Схватили меня за волосы и шею сдавили.

«Сынок, — слышу голос Даши, тихий ее голос в этом гаме, — Сашенька, дай… дай рученьки…»

«Ты, Дарья, у мужа за его жизнь проси! — кричит Коняев. — Злодей и подлец он перед дитем: за лозунги его продает. Одним утешу тебя: с муженька твоего за это три шкуры спущу».

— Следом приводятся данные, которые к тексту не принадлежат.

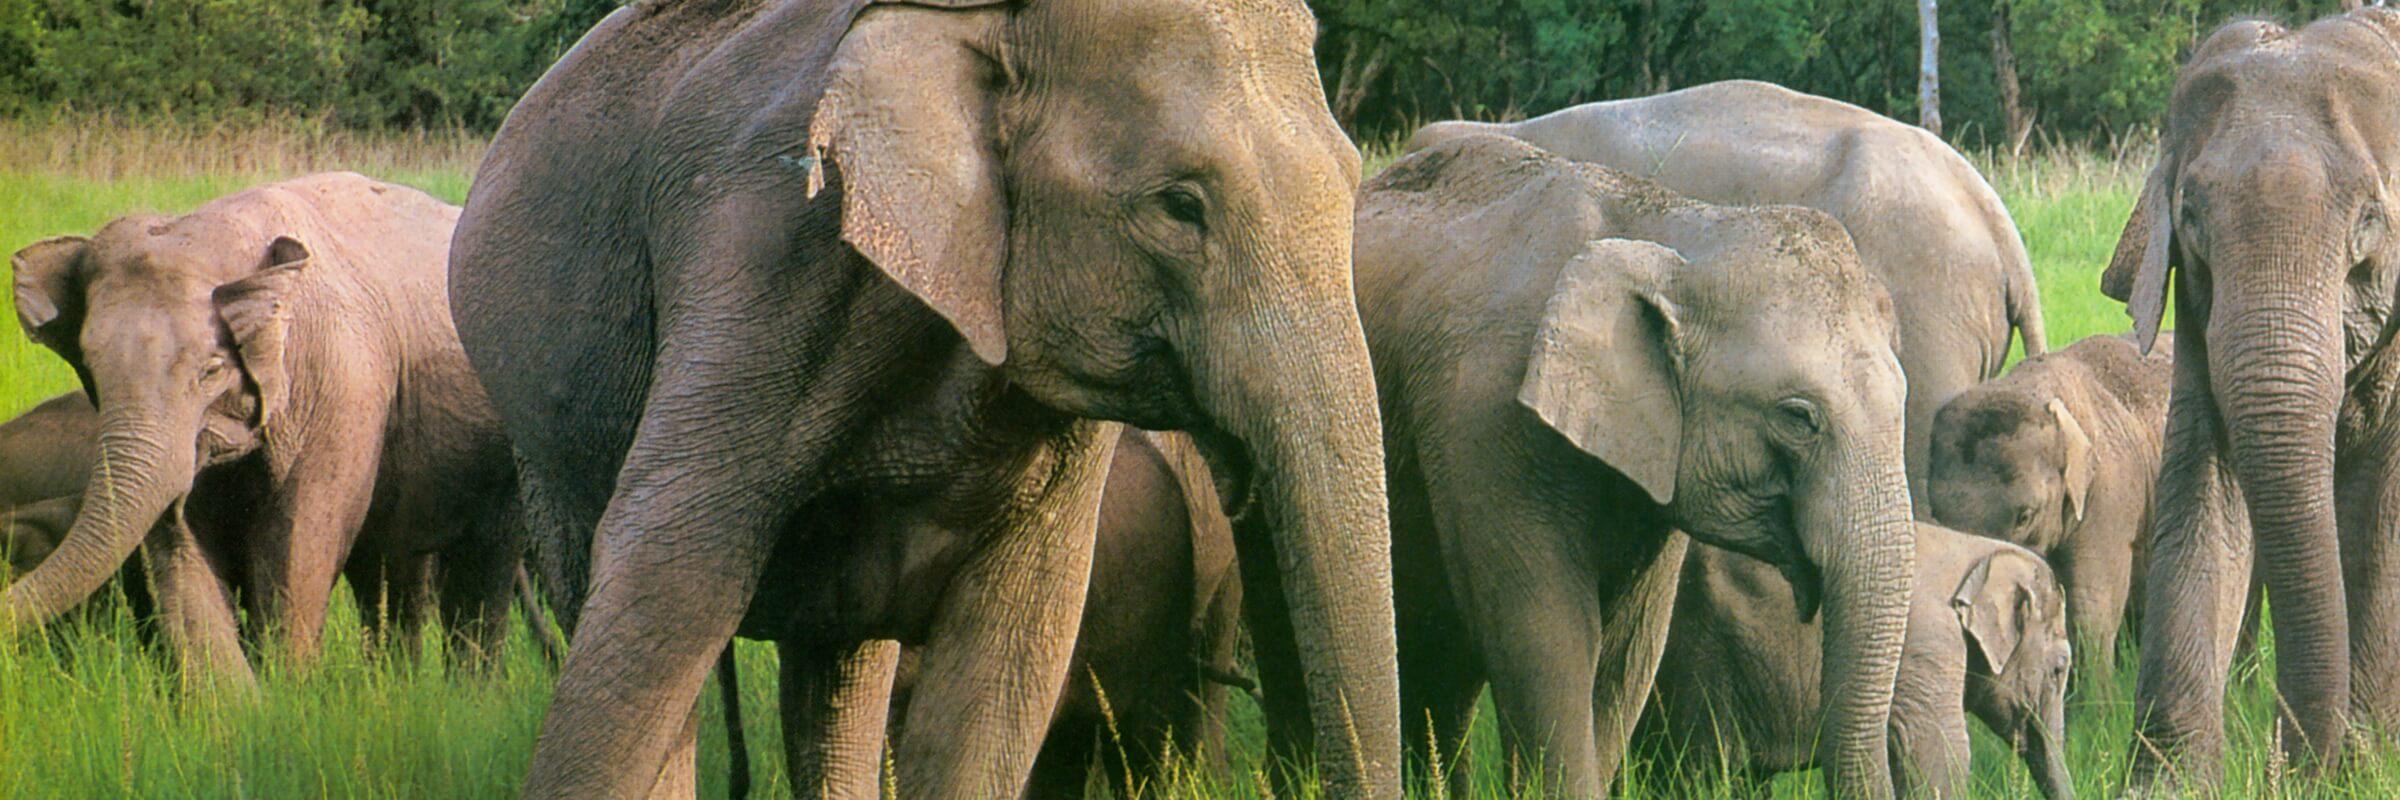 Eine Horde indischer Elefanten – Elefantenhöhlen

«Господи, дайте хоть проститься нам… Федя, — зовет меня Даша, — Федя, родимый, отстань ты от них! Сашеньку поцелуй. Простимся, да и все тут. Дальше смерти нашей не пойдут, проклятые!»

Каратель за ушко Сашука ухватил, вот-вот финкой склизнет.

«Стойте», — говорю.

Затихли все. Ждут. Даша Сашука подхватила, прижалась с ним ко мне, трясется.

«Давай, Федор, — Коняев мне говорит, — Дарью с дитем не мучь этой ужастью».

На раздумье секунда какая и оставалась. Куда послать душегубов? В Митькин лом, там засада.

«Стойте», — опять говорю… Глянул в окно. В трех верстах по берегу узкий проход в Митькин лом — место такое, завал из деревьев, бурей их когда-то поломало. Думали мы заманить туда карателей, в узкий проход, где и сразить хотели огнем с двух сторон.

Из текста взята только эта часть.